I was thinking about my entry last night, and I thought about how cynical I sounded. I am not down on love. I used to consider myself a hopeless romantic, though I think a more accurate description would be "sixteen-year-old girl." I have become cynical about Valentine's Day. The overadvertising and prepackaged gifts you can buy on the side of the road on your way home from work haven't helped. Then I think that waiting tables made me cynical about every holiday, because I had to spend them helping other people celebrate. Nothing sucks the joy out of a holiday like not having one. Every holiday I've spent in my post-server days, I've sent out more than a little good karma to those still in the trenches. I remember my time served, and it was the overflowing parking lot at Cha-Da Thai last night that reminded me of one working Valentine's Day.

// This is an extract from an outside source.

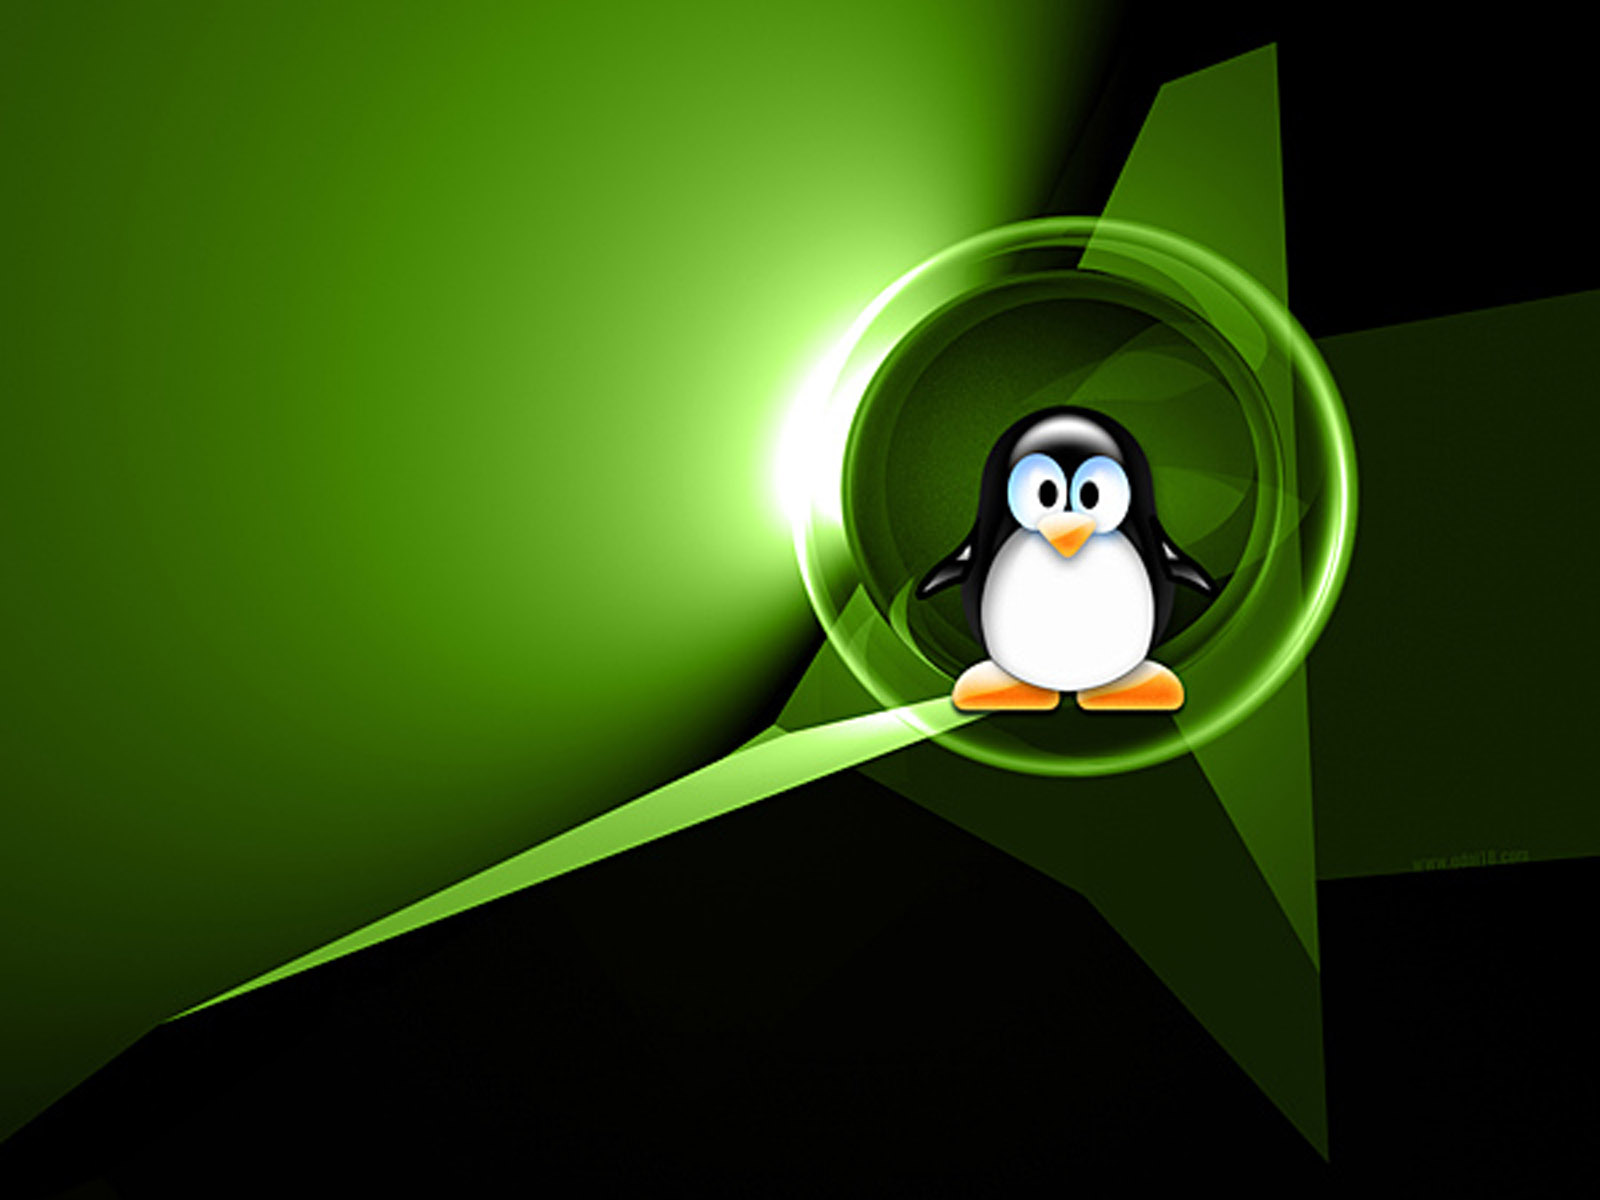 Desktop Backgrounds Linux Desktop Wallpaper 1600x1200

I was working a Valentine's Day lunch shift, a shift which turned out not to be all that much busier than any other lunch shift on a holiday weekend, which was busy enough. We had a reservation on the books, which was not just unusual for the day shift, it was unheard of and pretty unnecessary. Sure, we had large parties who would call and reserve a room, but to have a couple of people reserve a table for lunch didn't happen. What's more, the guy had come by early and selected the table himself, as well as brought some flowers to be ready and waiting at the table.

None of us who were working had taken the reservation, so we didn't know who to expect. We were all curious, being proud owners of double-X chromosomes, what kind of gallant and romantic man might appear at our door claiming the 12:00 reservation. Someone wealthy and cultured, European perhaps, charming and respectful. A true romantic like the ones we saw in the movies, but detected only traces of in the college boys we dated.

And then he entered with his young date, and the mystery man was revealed. Except he was more like a mystery boy. His date was young, but he wasn't much older, a high school kid with what was probably his first girlfriend. They were both right at that age where the braces have come off, but their awkward stages were still clinging visibly to them, refusing to let the poor kids turn into human beings who fit into their bodies properly and boasted clear skin.

I led them to their reserved table with its carefully pre-placed flowers. As I set out the menus and silverware, the boy pulled out his date's chair. Oh my Lord, it was so cute. They sat in their fancy high-backed chairs and fiddled with the starched white tablecloth and looked kindof out of place as they ordered sodas and chicken sandwiches with french fries. I tried to put on my most professional snooty waitress voice, wanting to give the boy every advantage he could get.

Oh, that boy, he was trying so hard to do this holiday right, to take a pretty girl out and make her like him with all the things that he'd heard somewhere were romantic. Us waitresses watched and giggled at the pure and innocent sweetness of it all, remembering when we used to be teenage girls with ridiculous pre-conceived notions about love. We looked at the scene as if it were an old and gone part of us. But I think now, that if some boy took us out for lunch with reservations and arranged to have flowers waiting at the best table in the house, we'd melt like the 16-year-old girls we still are inside.

It is that boy that I think of whenever I see those roadside teddy bear stands with their impersonal, cellophane-enclosed gifts. It is that 12:00 reservation in an almost empty restaurant that I recall when I become nauseated with the ubiquity of Pepto Bismol pink in February. It is that pulled-out chair and those flowers that I remember when I hear another radio ad promoting unflattering stereotypes of both women and men. Valentine's Day sucks, but romance is still a pretty good idea.